Dr. Seung Gwon [00:49:26]: Probably like two to three a week. I do a lot of gallbladders. Yeah, probably like 150 a year. The last time I've opened a gallbladder was about eight years ago. So, I haven't opened one since. We have one surgeon down here who hasn't opened one in 10 years. I told you, our gallbladders down here are hard. If anyone wants to do a gallbladder fellowship, the first year is a little bit daunting. But we really learned how to not convert and yet keep it safe. Luckily, I haven't had to open. Right now, because we have the robot, I always do the gallbladders in the robot room. If it's a real mess, the first thing I'll do is put the robot on. It just gives you additional views, a better camera, and a little bit more capability.
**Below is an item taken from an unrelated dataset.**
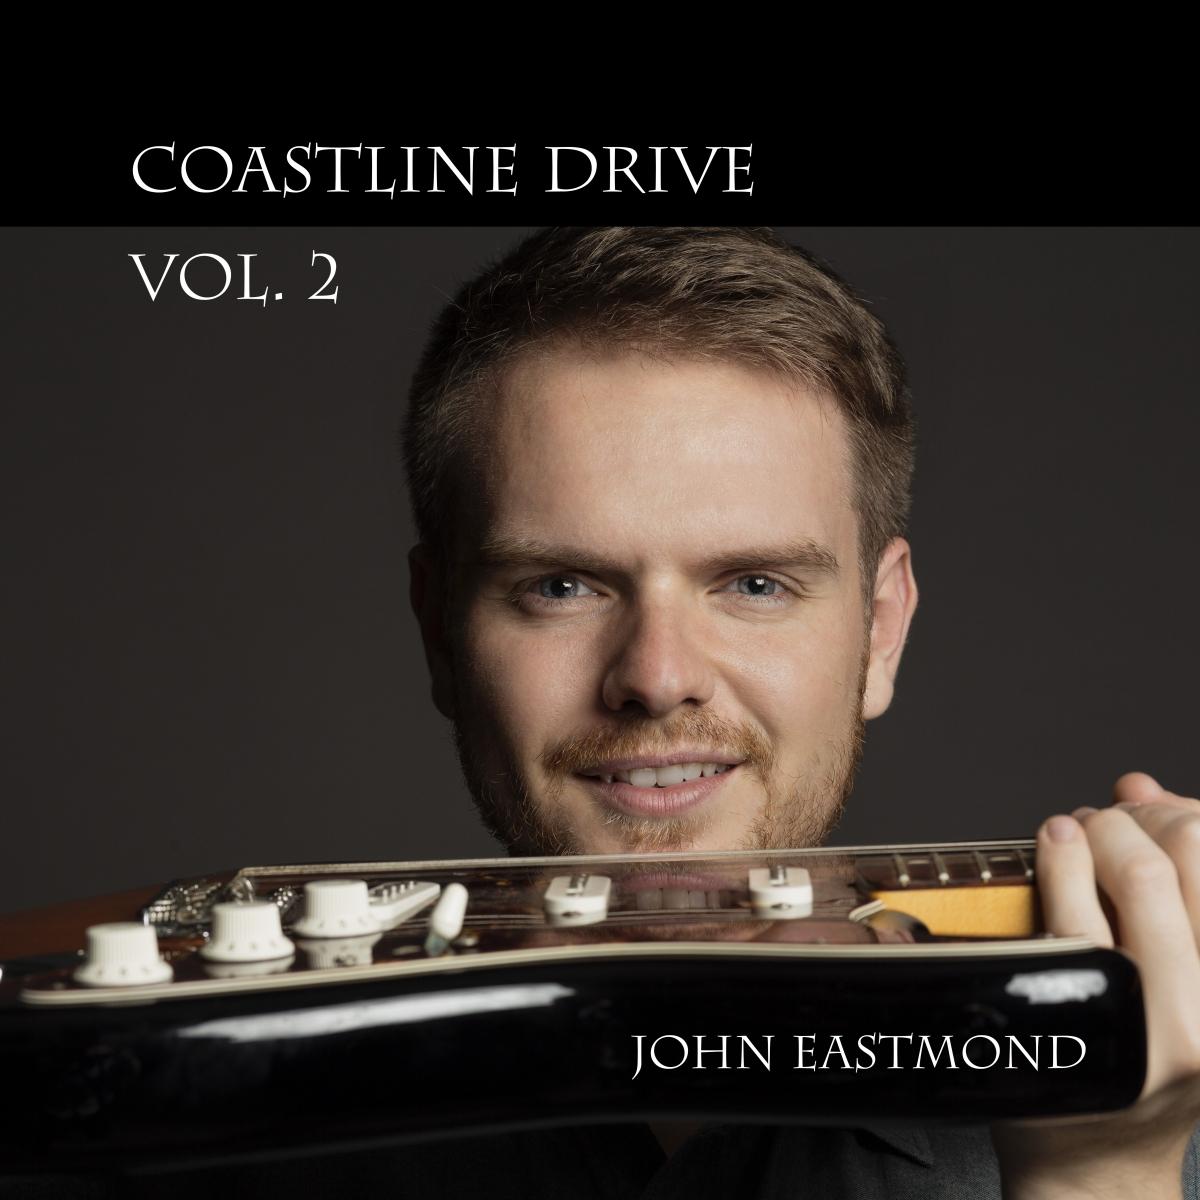 Coastline Drive Vol. 2

I find that there's probably one or two times where I've been like, oh, my God, I'm gonna either convert to open or I'm gonna hook up the robot. Then I was able to complete it robotically.

Dr. Randy Lehman [00:50:17]: Okay, that's good. I don't have a robot anywhere, so there's a problem with that. But I've opened three times in five years. I had one case that I thought I was going to open going into it, but then I didn't have to. That case was someone else at another place had tried to take the gallbladder out, I guess, laparoscopically, and couldn't. Couldn't find it.
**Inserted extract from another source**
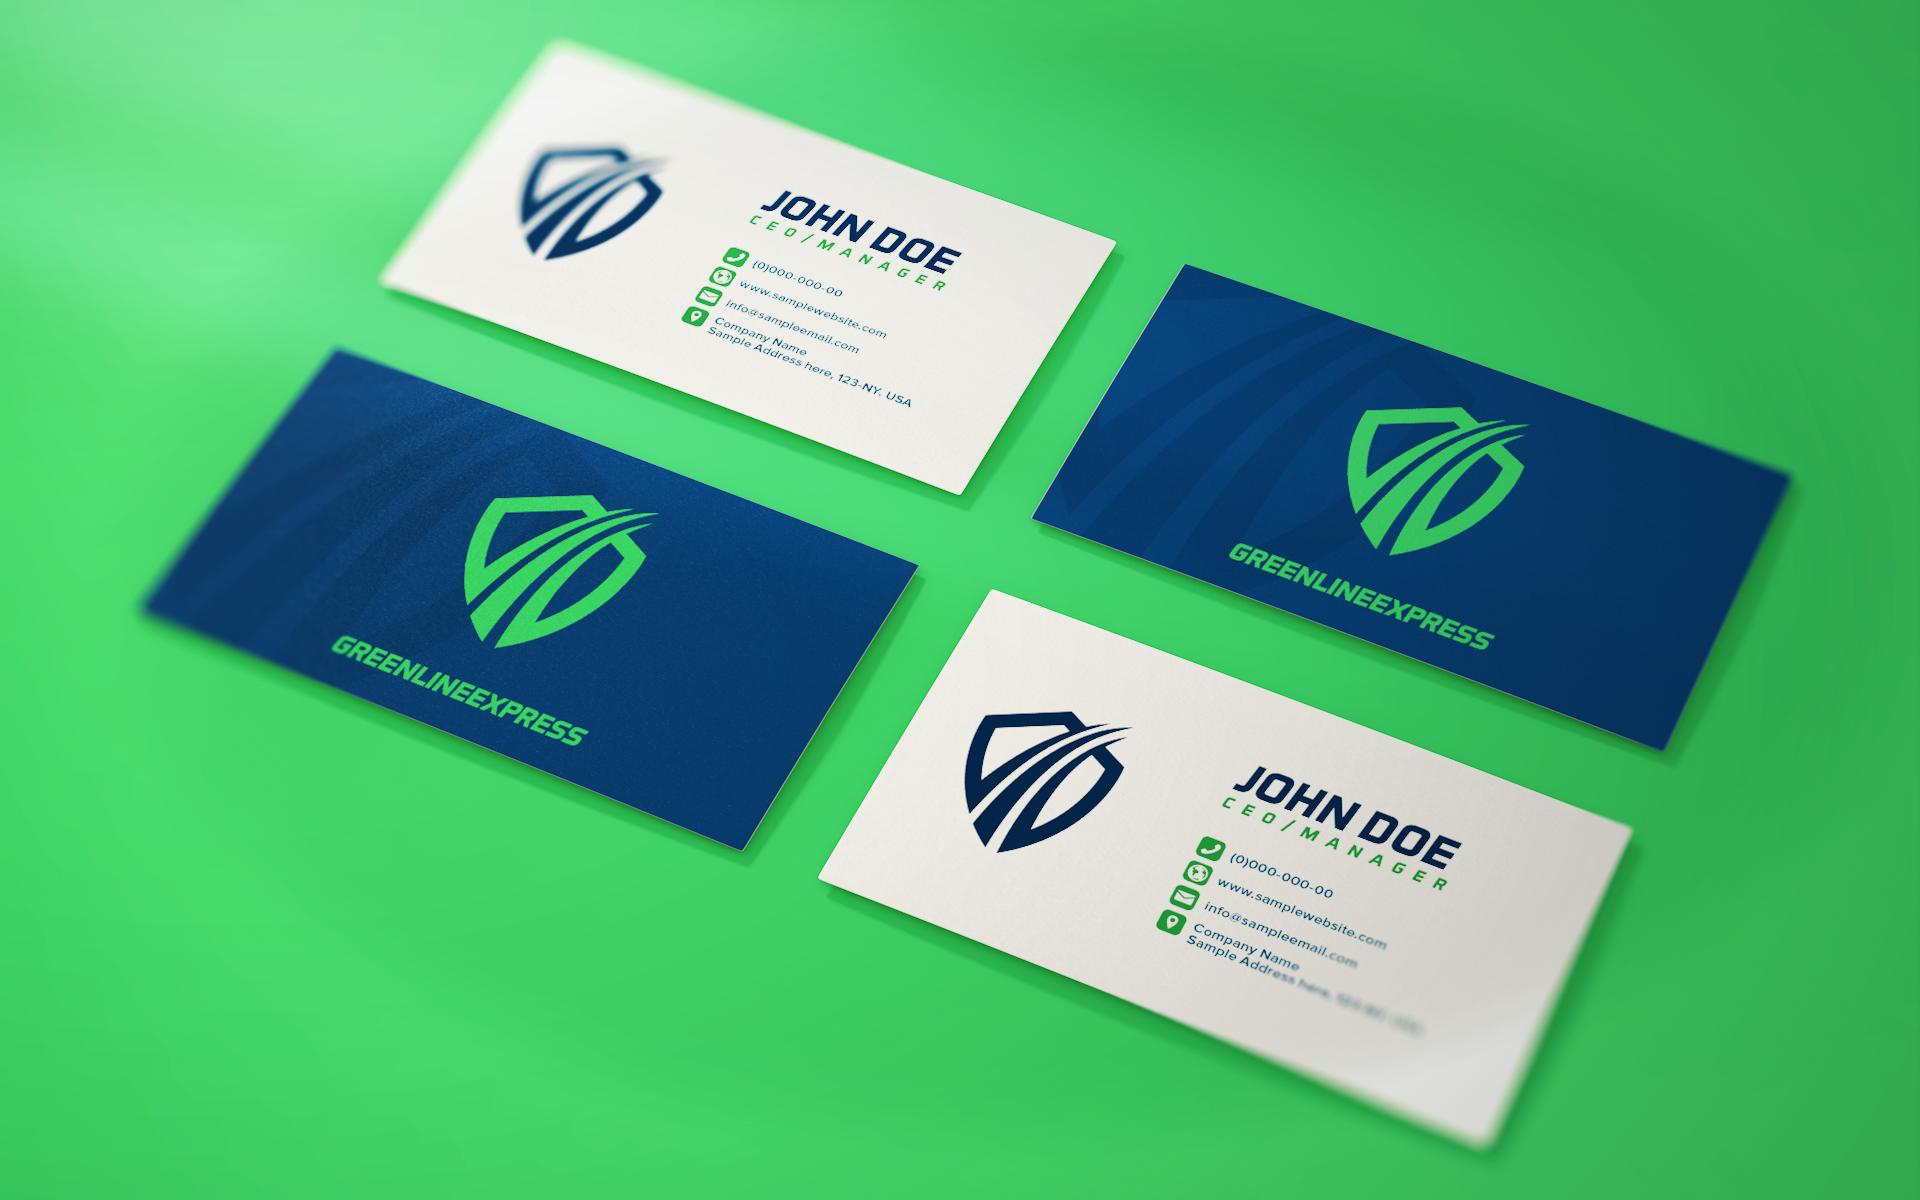 GREENLINE EXPRESS BUSINESS CARD DESIGN

Dr. Seung Gwon [00:50:39]: Oh, that's horrible.

Dr. Randy Lehman [00:50:40]: Then they told the patient, you don't have a gallbladder, and if you need it done, don't come back to me. I guess that's the way it was presented to me. So, I end up taking her. I mean, I did all the scans. I did every single scan — HIDA, MRCP, ultrasound, CT scan. Everyone sees it right there. I can see on the CT where it's at. So, I just went. I figured it was covered with fatty tissue, and it was. I just went on the liver, took the fat down, found the gallbladder, and took it out. I stayed laparoscopic. It was actually not that hard. She was very happy. But the three that I opened, one was a guy who was a paraplegic in the nursing home attached to the hospital, who had been shot in the abdomen like nine times.

Dr. Seung Gwon [00:51:18]: Times.

Dr. Randy Lehman [00:51:19]: I went in laparoscopically and I actually did a cut down at Palmer's Point. It was just like a sheet of plastic in there; there was no domain at all anywhere. The bowel was almost unrecognizable. I measured on the CT the number of cuts, you know, 5 millimeter cuts, how far above the belly button it was, and how far lateral to the midline it was. I made an incision, about probably 7 or 8 centimeters, and went straight down through the layers. The gallbladder was right where the CT said it should be because it's not moving around since everything's fixed in his belly and got it out. So that one, I just kind of tried the Palmer's Point and then went straight. The other one was a patient who was an ER patient with acute cholecystitis, but it wasn't. It was actually gallbladder cancer, and it was invading into the duo. As I'm kind of dissecting, I end up getting into the duo. I opened, fixed the duo, took the gallbladder out and went from there. The third one was a patient who had Y90 radiation to the liver and then had gallstones. I explained to her it was a very high-risk scenario, but it was a total mess. Everything was terrible. Be very suspicious when you see the Y90. You're gonna have a lot of scar tissue. I ended up deciding to go open on that one and got it out. She did all right in the short term, not long term. But, you know, that was her own other diagnosis. That's the issue there. So, just things to be suspicious of, when everything's normal until it isn't. My first two cases were an appendix and a gallbladder, but one turned out to be a second different patient with gallbladder cancer. The appendix was a 9 centimeter mucous seal.

Dr. Seung Gwon [00:53:12]: Oh, my gosh.

Dr. Randy Lehman [00:53:12]: It's normal until it isn't.

Dr. Seung Gwon [00:53:14]: I thought we had crazy pathology down here. That's crazy.

Dr. Randy Lehman [00:53:18]: I don't know if it's, you know, the agriculture, pesticides, or what's going on. But, yeah.